= Anchor Graphics =

Anchor Graphics is a non-profit fine art printshop and gallery in Chicago, Illinois that is part of the Art + Design Department at Columbia College Chicago. It was founded in 1990 by David Jones and Marilyn Propp. It is known for the quality of its prints as well as its educational programming.

==Programs==
For twenty years, Anchor provided free classes for high school students, and had an outreach program called Press on Wheels (POW) which brought printmaking into schools, galleries, museums, and community centers. Workshops were open to students of all ages and taught handmade prints. During the Toulouse-Lautrec and Rembrandt exhibitions at the Art Institute of Chicago, a press was brought to the museum, and Anchor staff demonstrated the print processes and tools used by both artists.
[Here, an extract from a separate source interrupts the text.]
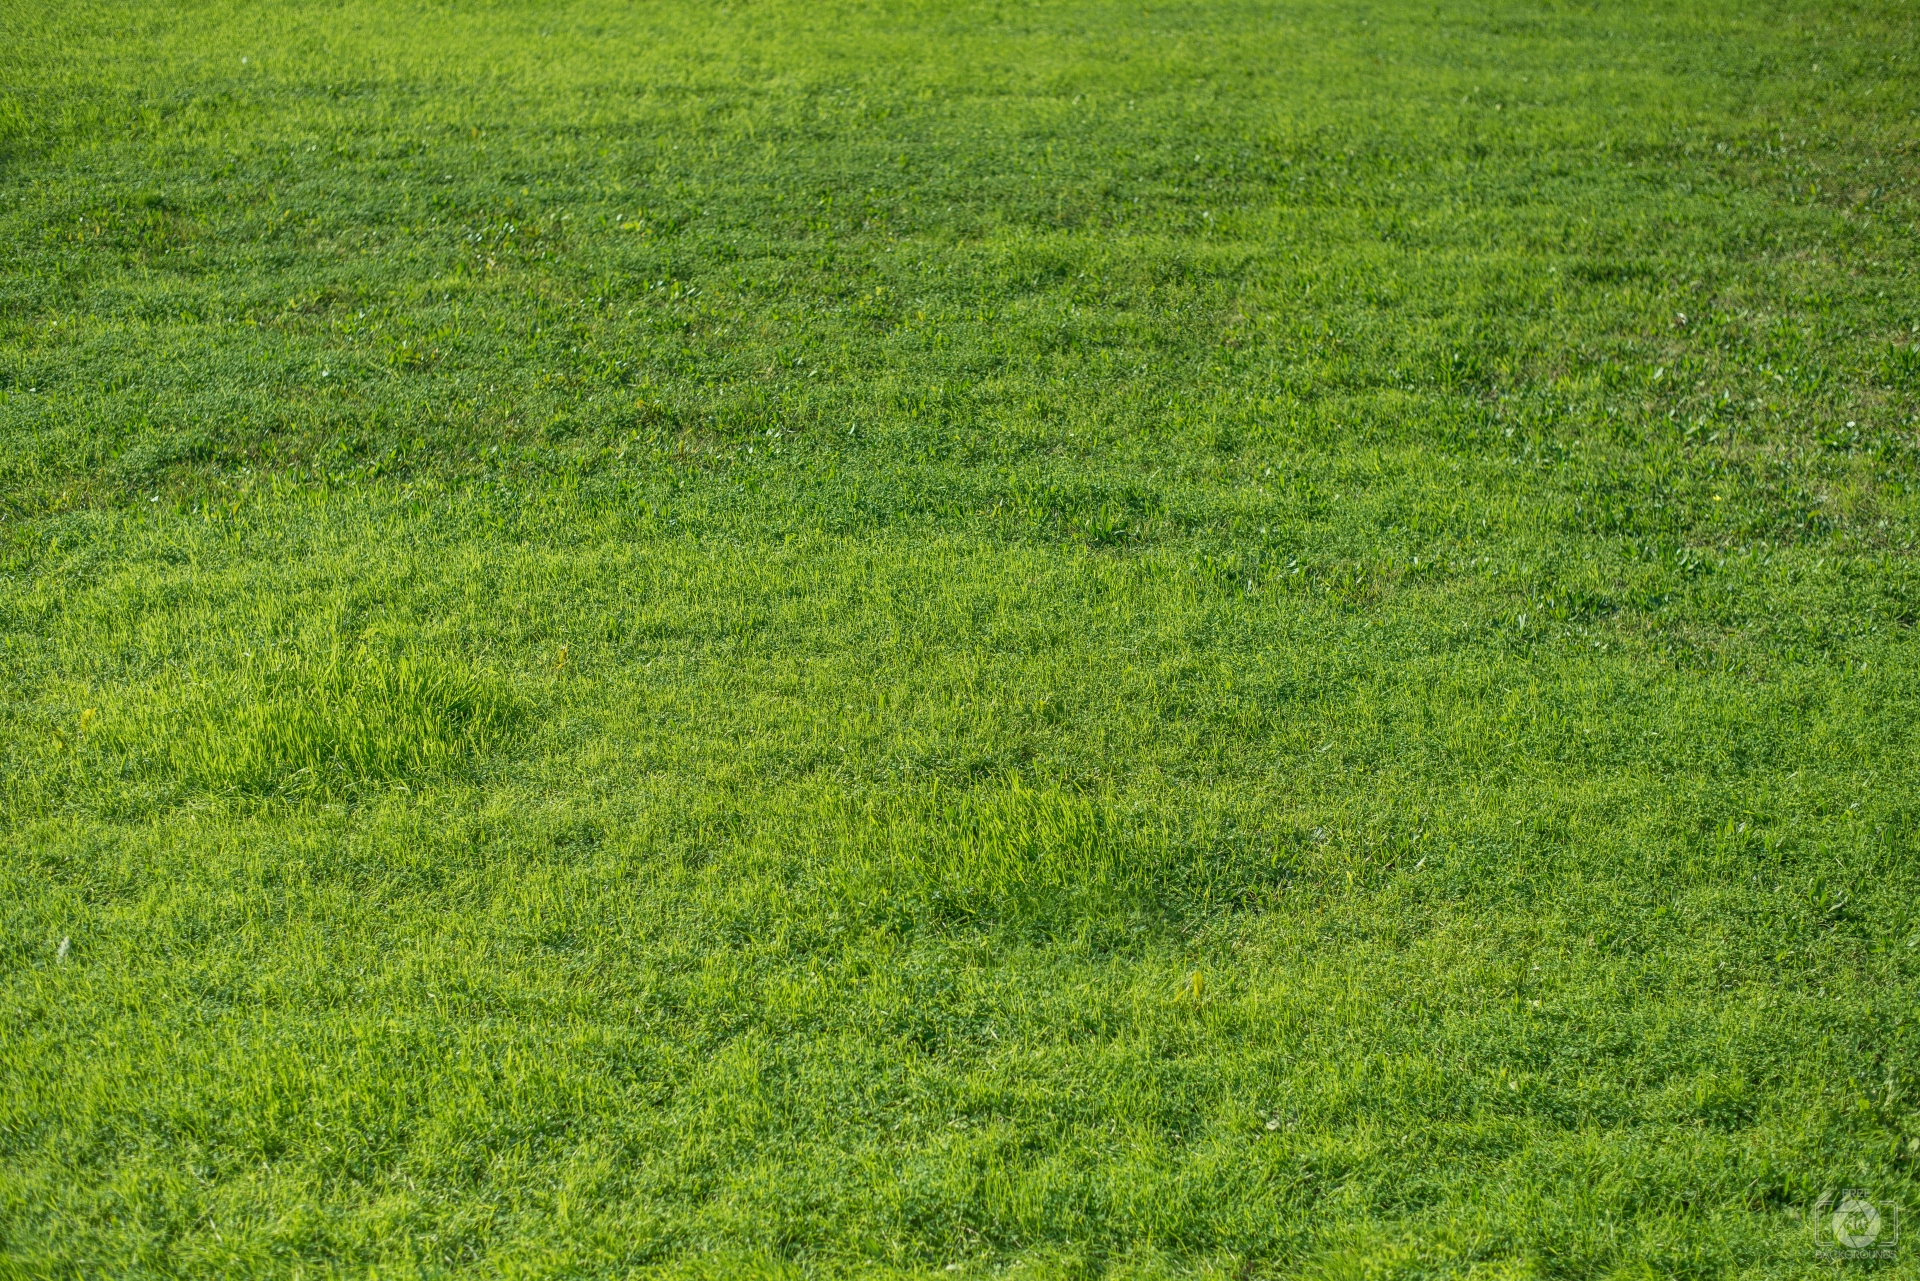 Grass texture photo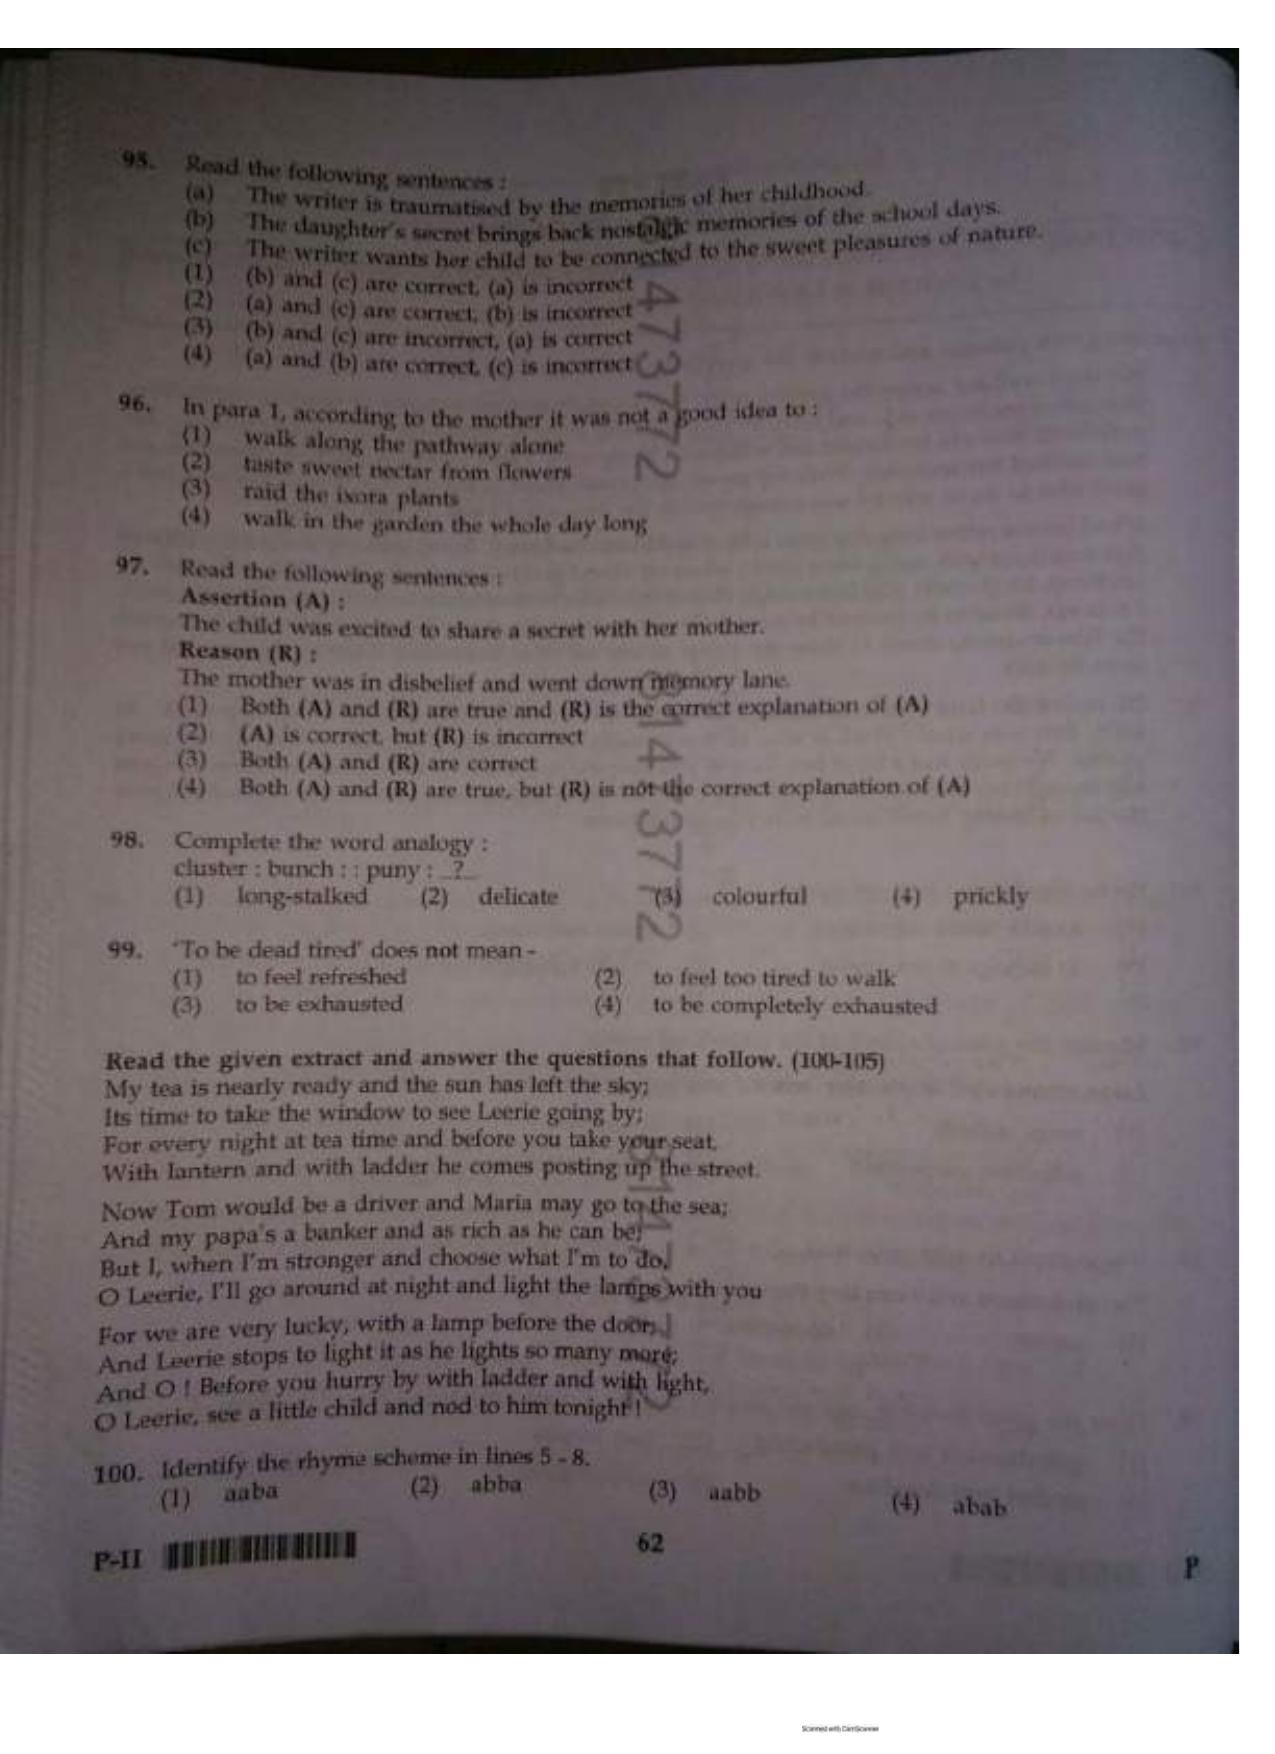 ctet paper 2 question paper SET P - Page 61

Ann Weins writes in DEMO 3, pages 24–28: "Anchor Graphics maintains an impressive schedule of classes, workshops, residencies, and lectures, all the while publishing exquisite, hand-pulled prints."

The Artist-in-Residence Program was created to provide uninterrupted use of the shop by national and international printmakers for research and the development of new work. Scraping the Surface, a free lecture series open to the public, presented talks by artists, curators, museum specialists, conservators, collectors, and others with an interest in prints, and was funded by the Terra Foundation for American Art from 2006 - 2010.

Located in Ukrainian Village, and then Chicago's River North, Anchor moved to the South Loop upon becoming a part of the Art + Design Department at Columbia College Chicago in 2006. According to David Mickenberg, former director of the David Museum and Cultural Center, and of the Block Museum at Northwestern University, " [Anchor's reputation] has to do with. . . the balancing act between education and collaborative printmaking. . . " Anchor provides Artist-in-Residencies, open studio time for the Chicago community, adult classes, and publishing and contract work.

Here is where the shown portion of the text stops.